Work instruction
What you should give back is every line from the one containing "سمپاش 100 لیتری" through the last line of the records below, word for word and without pictures.

Given entries

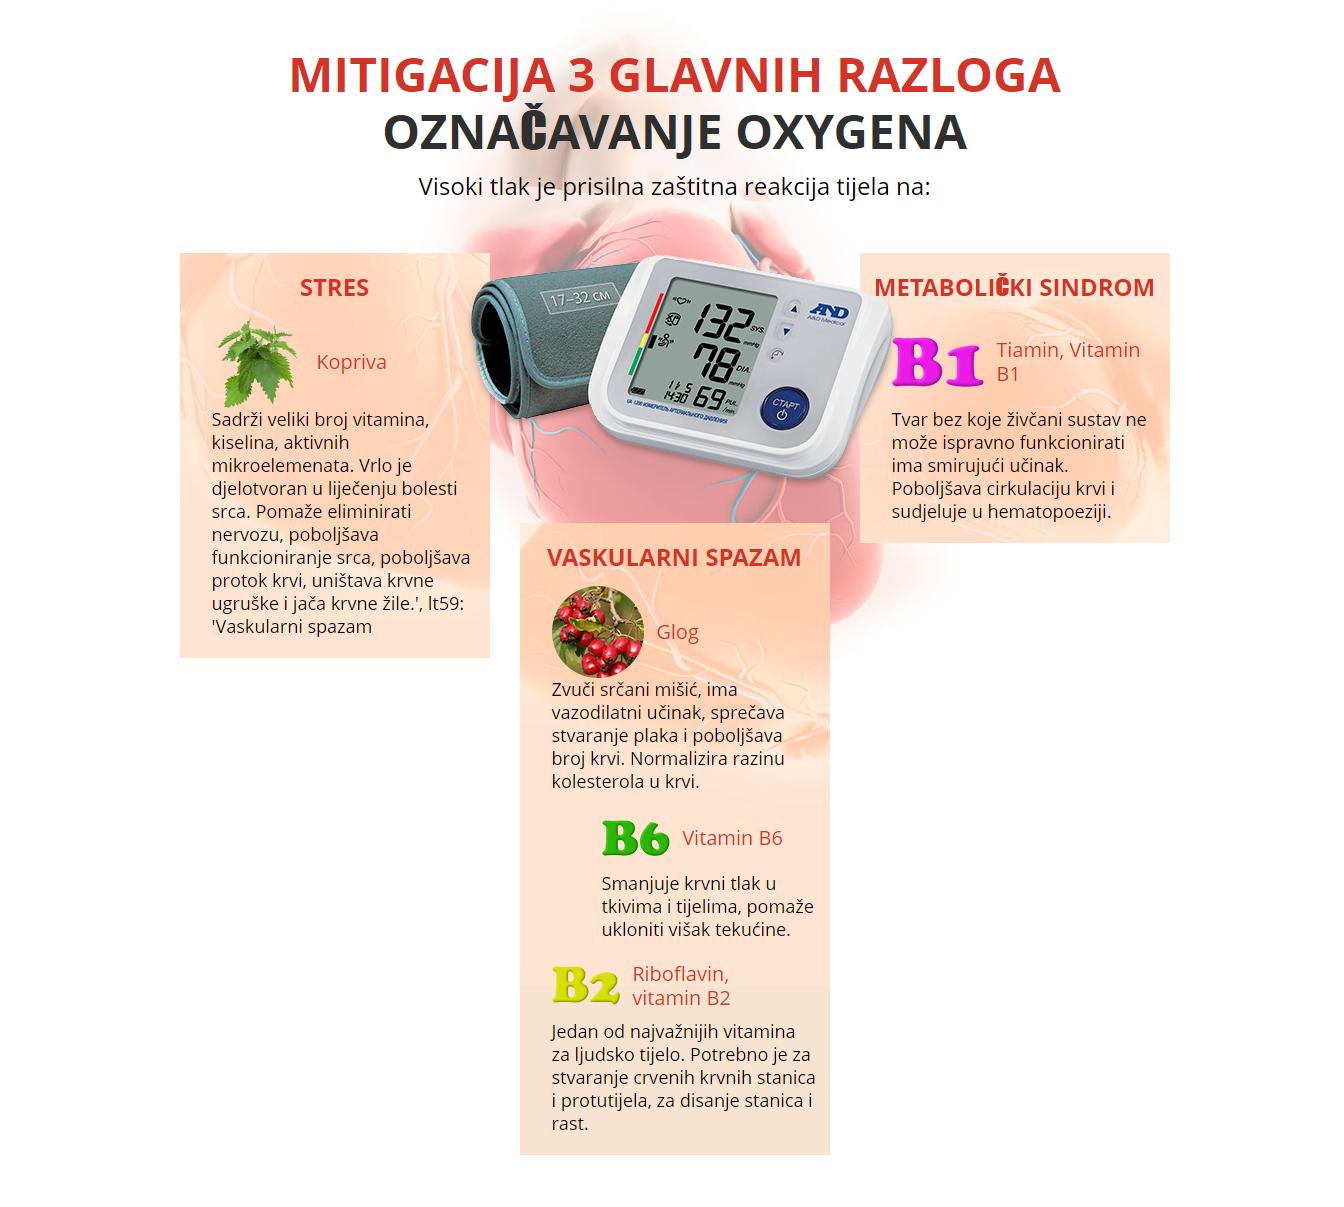 novi lijek za liječenje hipertenzije
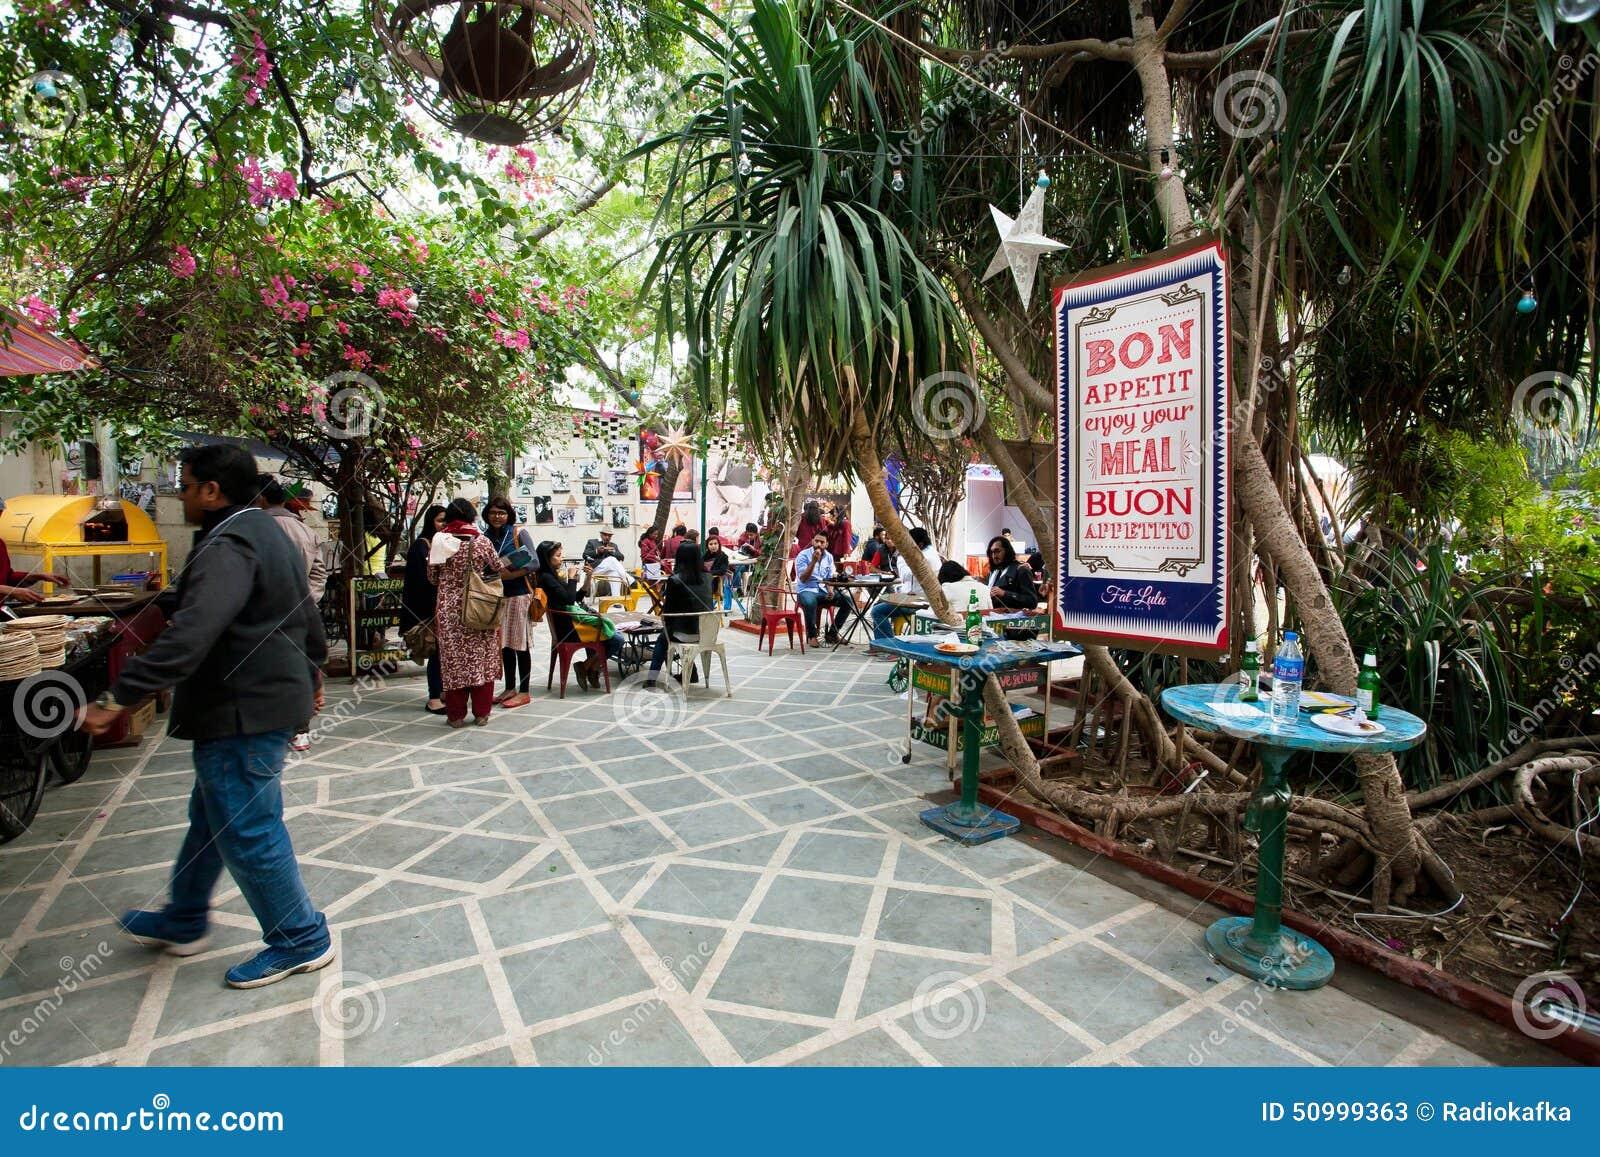 Besucher Cafés des im Freien sitzend unter den tropischen Bäumen
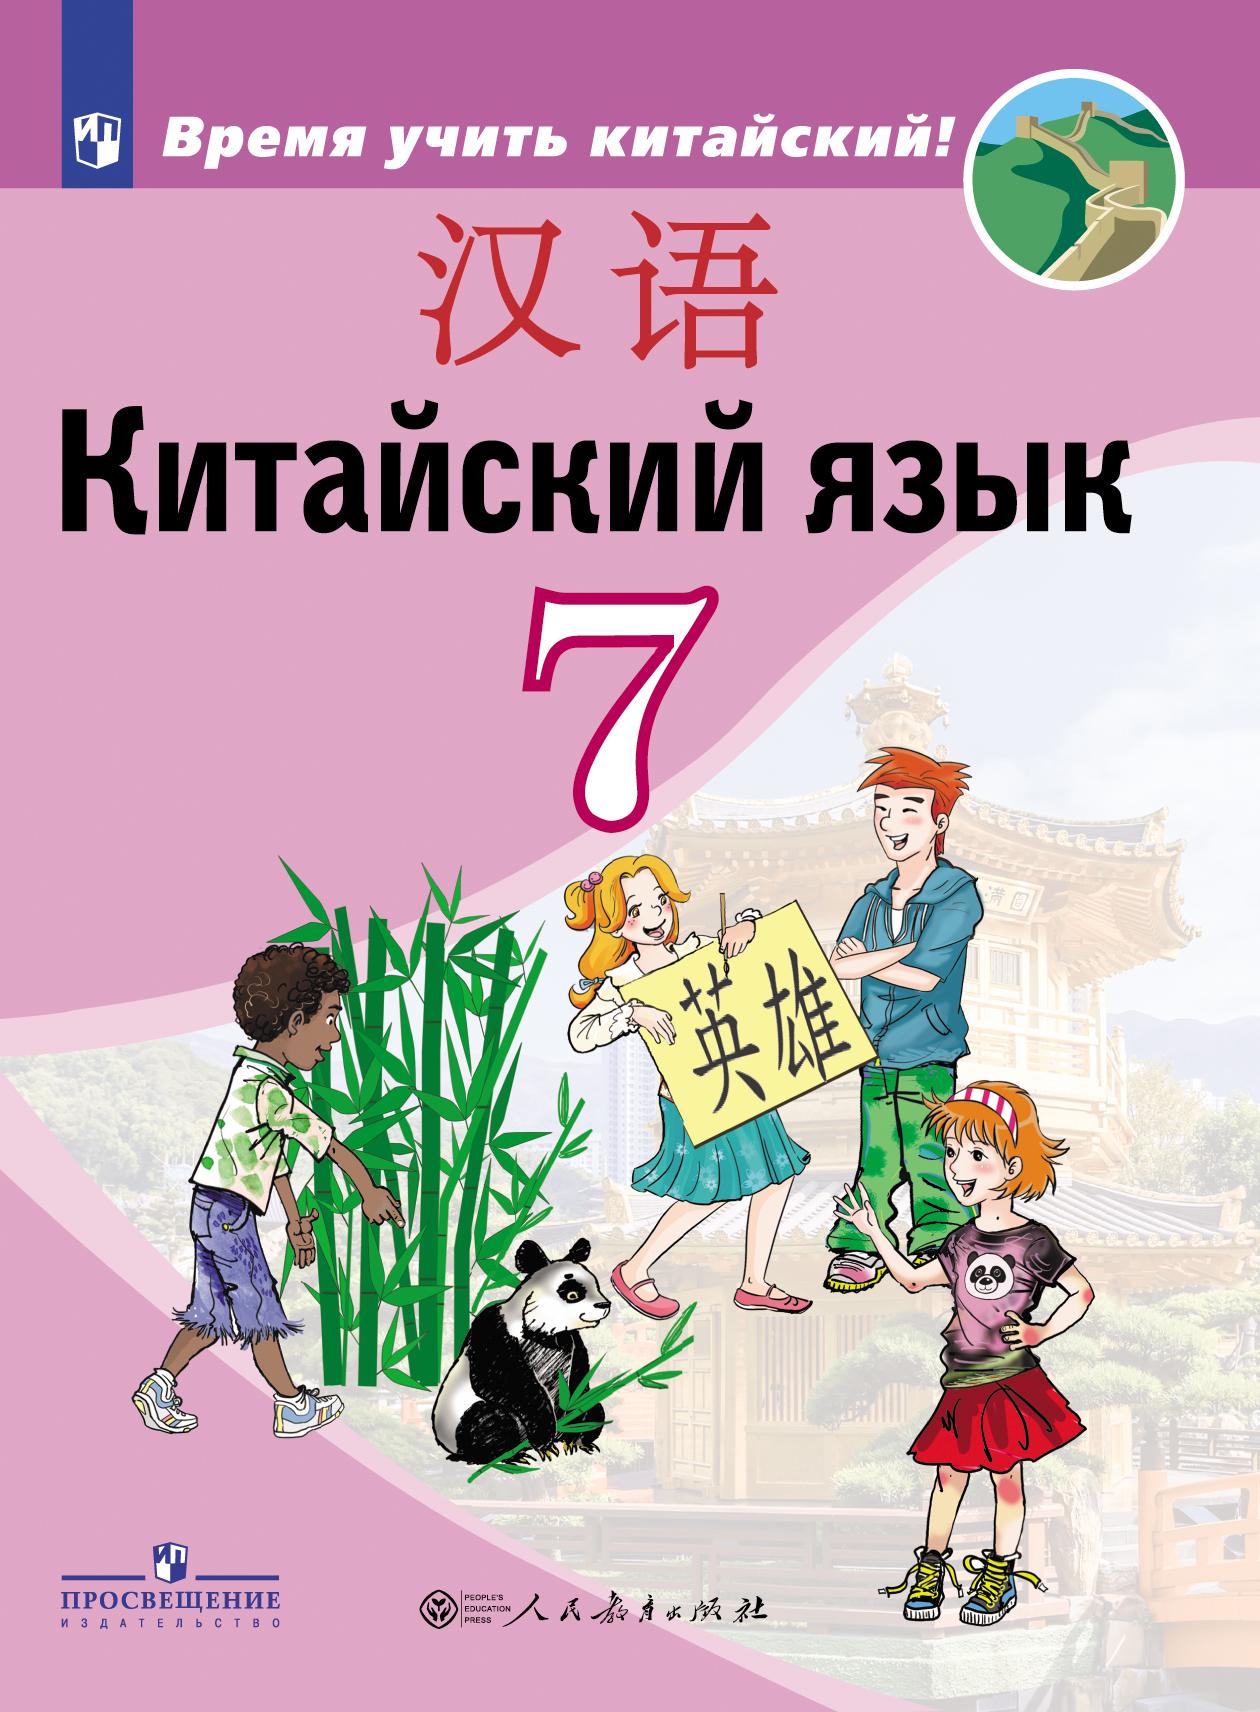 Китайский язык. Второй иностранный язык. 7 класс: учеб. пособие для общеобразоват. организаций
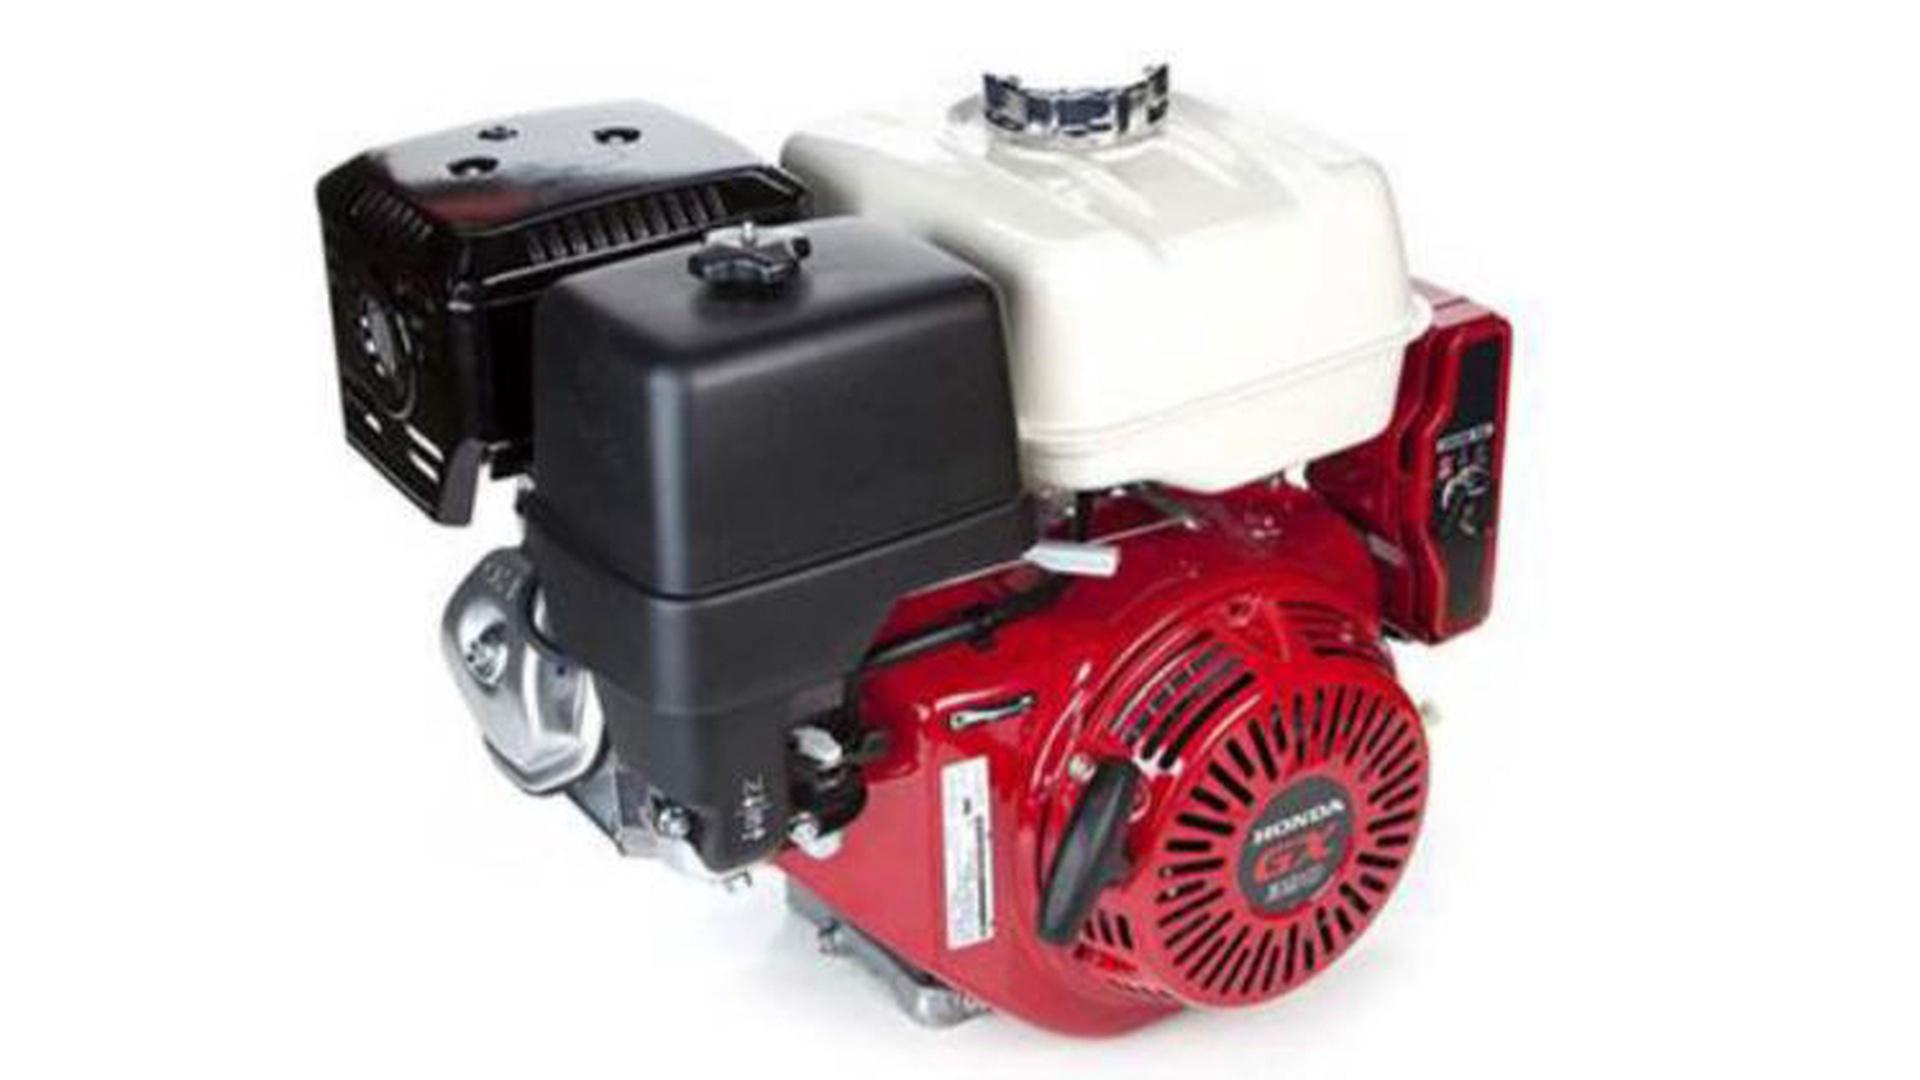 سمپاش 100 لیتری فرغونی با موتور هوندا چین و پیستونی 45 و شلنگ 50 متری و لانس ترک مدل 16686
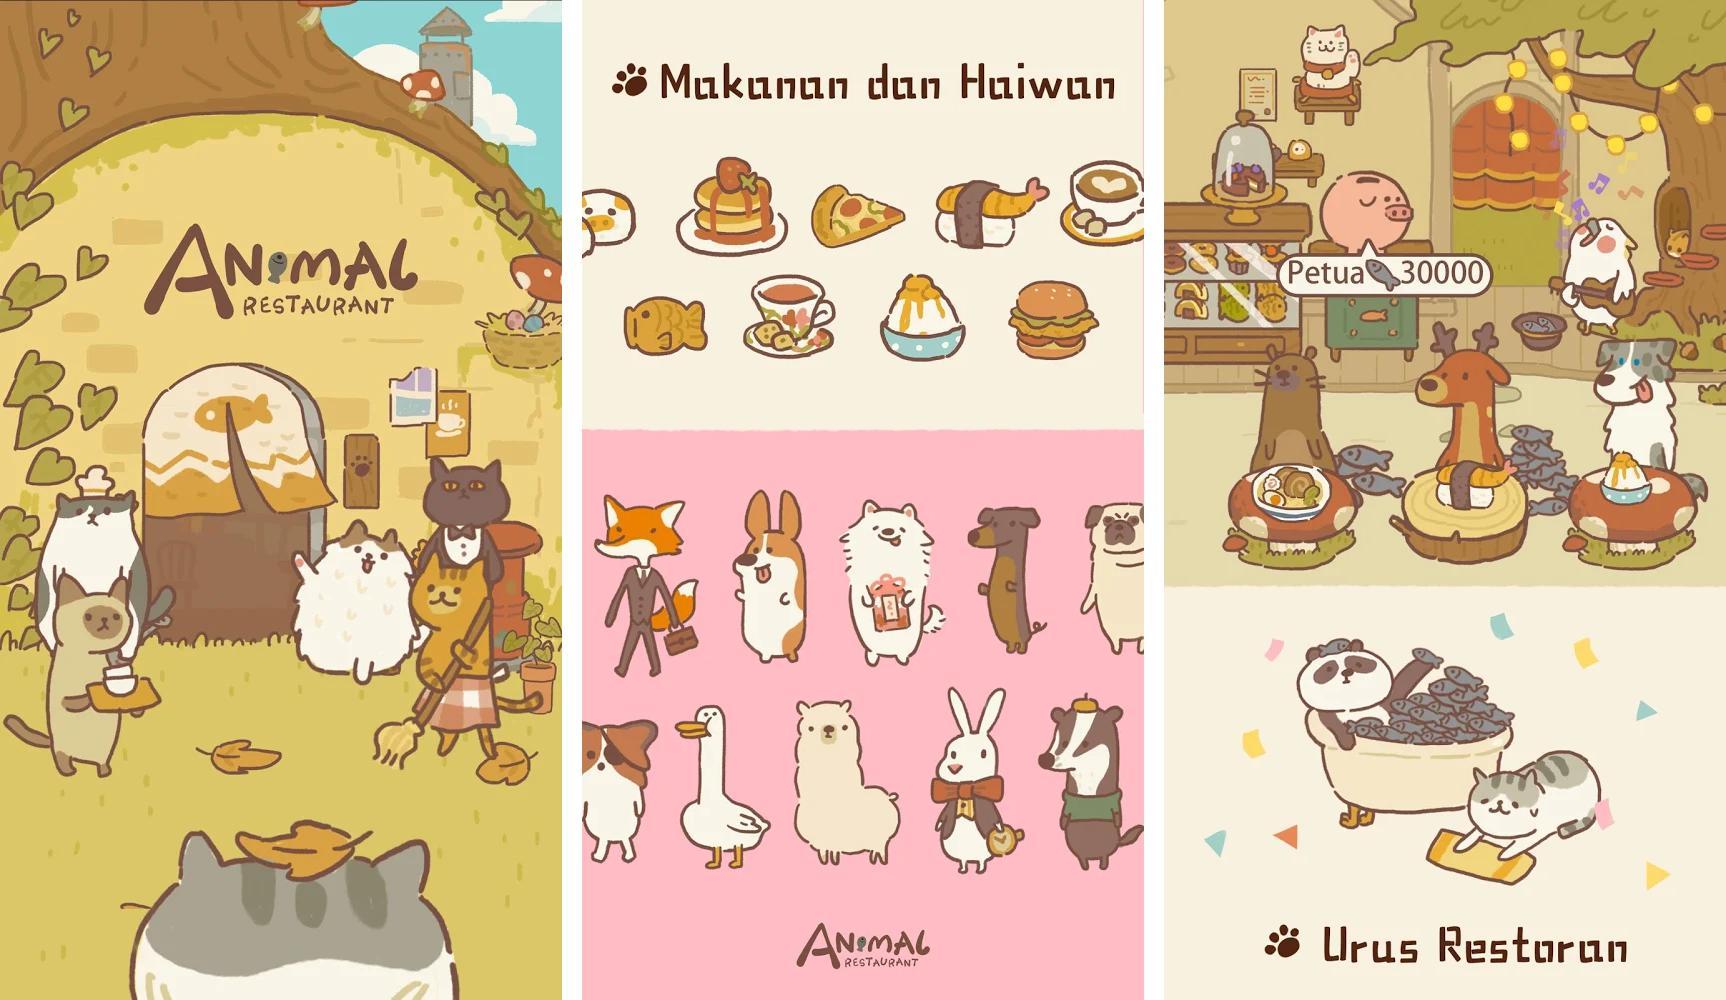 Restoran Haiwan - Animal Restaurant

Reply
 سمپاش 100 لیتری فرغونی با موتور هوندا چین و پیستونی 45 و شلنگ 50 متری و لانس ترک مدل 16686
 Restoran Haiwan - Animal Restaurant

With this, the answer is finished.